更新時間: 2019-07-08
目錄
壓縮比
用解壓後的 clonezilla 的 filesystem.squashfs 測試壓縮
壓縮比: zstd, lz4, zstd < gzip, zip < bzip < xz, lzma (7zip)
# Size: 1.1G
tar -cf squashfs-root.tar squashfs-root
# Result: 341M
gzip < squashfs-root.tar > squashfs-root.tar.gz
# Result: 341M
zip squashfs-root.tar.zip squashfs-root.tar
# Result: 309M
bzip2 < squashfs-root.tar > squashfs-root.tar.bz
# Result: 217M
xz -k squashfs-root.tar
tar
Useful opts:
- --numeric-owner # always use numbers for user/group names
- --exclude=PATTERN
- -C, --directory DIR # change to directory DIR
- -t, --list
- --strip-components count # strip NUMBER leading components on extraction
-
-a, --auto-compress # use archive suffix to determine the compression program
# 接受 "tar.xz", 不接受 "tzx"
Folder 尾的 "/" 不影響
tar -cvf MyFolder.tar MyFolder
tar -cvf MyFolder.tar MyFolder/
測試 tar 檔(-t, --list)
tar -tf test.tar
查看檔內檔案的 uid 及 gid
tar --numeric-owner -vtf test.tar
drwxr-xr-x 0/0 0 2023-12-24 21:23 test/ -rw-r--r-- 0/0 0 2023-12-24 21:22 test/test.txt
解開來自不同系統的 tar 檔時一定要用到它
tar --numeric-owner -zxf ubuntu-12.04.tar.gz -C /lxc/u12/rootfs/
個別 subfolders / files 不打包(--exclude)
整個 uploads Folder 不 keep (public_html/uploads)

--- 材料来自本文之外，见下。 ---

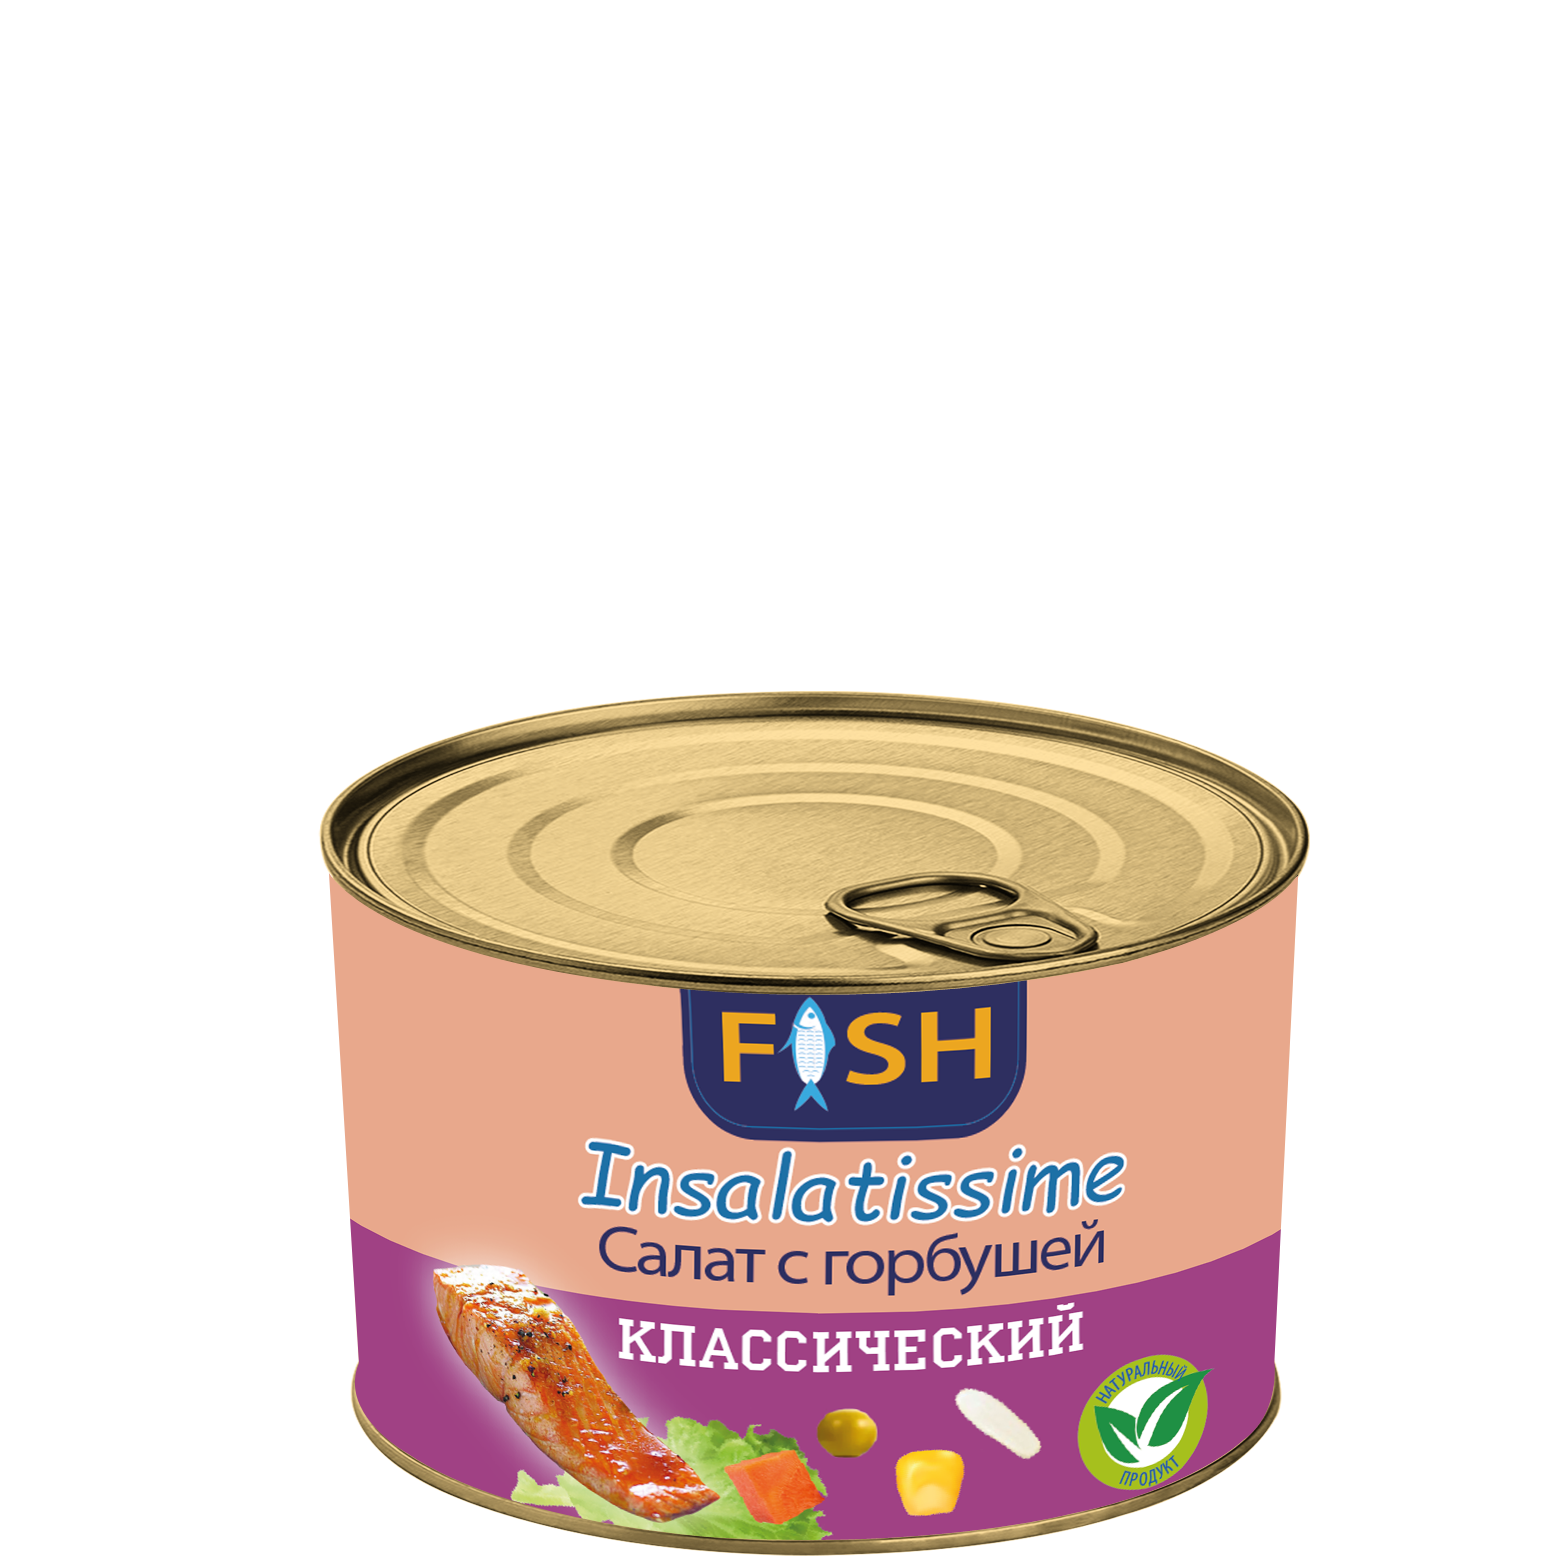 Салат с горбушей классический Fish Insalatissime

tar -czvf backup.tar.gz public_html --exclude "public_html/uploads"
* 支援 multiple exclude
* use shell syntax, or globbing, rather than regexp syntax
* public_html/uploads2 不會中被 exclude
* "--exclude public_html/uploads/" 會令 exclude 無效 !!
* "--exclude uploads" 所有層內的uploads都會被 exclude
PATTERN
- '*' or '?' # Globbing
- '[a-e]' # character class
保留 uploads Folder, 但沒有內容
tar -czvf backup.tar.gz ./public_html --exclude "./public_html/uploads/*"
* quoting the patterns to protect them from shell expansion
Exclude By Full Path
# "./" 必須對應
tar -zcf public_html.tar.gz --exclude=./public_html/tmp ./public_html
* 此方法(Full Path)不會 exclude 其他層內的 "public_html/tmp"
(i.e. public_html/test/public_html/tmp)
測試
mkdir public_html/tmp public_html/test/public_html/tmp -p
touch public_html/a.txt public_html/tmp/b.txt public_html/test/public_html/tmp/c.txt
tar -zcf public_html.tar.gz --exclude=./public_html/tmp ./public_html
tar -ztf public_html.tar.gz
P.S.
# 對比
tar -zcf public_html.tar.gz --exclude=public_html/tmp ./public_html
Exclude files matching patterns listed in FILE
-X, --exclude-from=FILE
解開到另一個地方
tar zxf ~/backup.tgz -C /You/Path files
打包時不保持頂層的目錄
tar --strip-components=3 -zxf test.tar.gz a/b/c/test.txt
tar 的安全性測試("-t")
破壞一個 tar 檔
xxd -l 16 -s 102400 etc.tar
dd if=/dev/urandom of=etc.tar bs=1 count=16 conv=notrunc seek=102400
xxd -l 16 -s 1048576 etc.tar
tar -tf etc.tar
echo $?
Result 境然係無 Error ...
破壞一個 tar.gz 檔
xxd -l 16 -s 102400 etc.tar.gz
dd if=/dev/urandom of=etc.tar.gz bs=1 count=16 conv=notrunc seek=102400
xxd -l 16 -s 102400 etc.tar.gz
# stdout 會出 file list, stderr 才顯示 error
tar -ztf etc.tar.gz > /dev/null
tar: Skipping to next header gzip: stdin: invalid compressed data--crc error gzip: stdin: invalid compressed data--length error tar: Child returned status 1 tar: Error is not recoverable: exiting now
tar extract single file
tar -zxvf public_html.gz public_html/cms/config.php
# 會保留了層的結構
ls public_html/cms/config.php
Un-Pack bz2, xz
tar -jxf Folder.tar.bz2 Folder
tar -Jxf Folder.tar.xz Folder
zip 與 unzip
注意: 在 Debian 上, zip 與 unzip 分別是在兩個獨立的 package 內
unzip:
Usage:
unzip [opts] file[.zip] [file(s) ...] [-x xfile(s) ...] [-d exdir]
測試原整性:
# -t test archive files, extracts each specified file in memory and compares the CRC
root@debian6:~# unzip -t cms.zip
查看有什麼 file:
unzip -l cms.zip
Length Date Time Name --------- ---------- ----- ----
查看 comment:
unzip -z cms.zip
就地解開:
unzip cms.zip
解到某 Folder:
-d 解開到另一個目錄內
unzip nic-traffic.sh.zip -d wts/
其他相關選項:
-X restore UID/GID info
-o overwrite files WITHOUT prompting
# the TZ (timezone) environment variable must be set correctly in order for -f and -u to work properly
# By default unzip queries before overwriting, but the -o option may be used to suppress the queries.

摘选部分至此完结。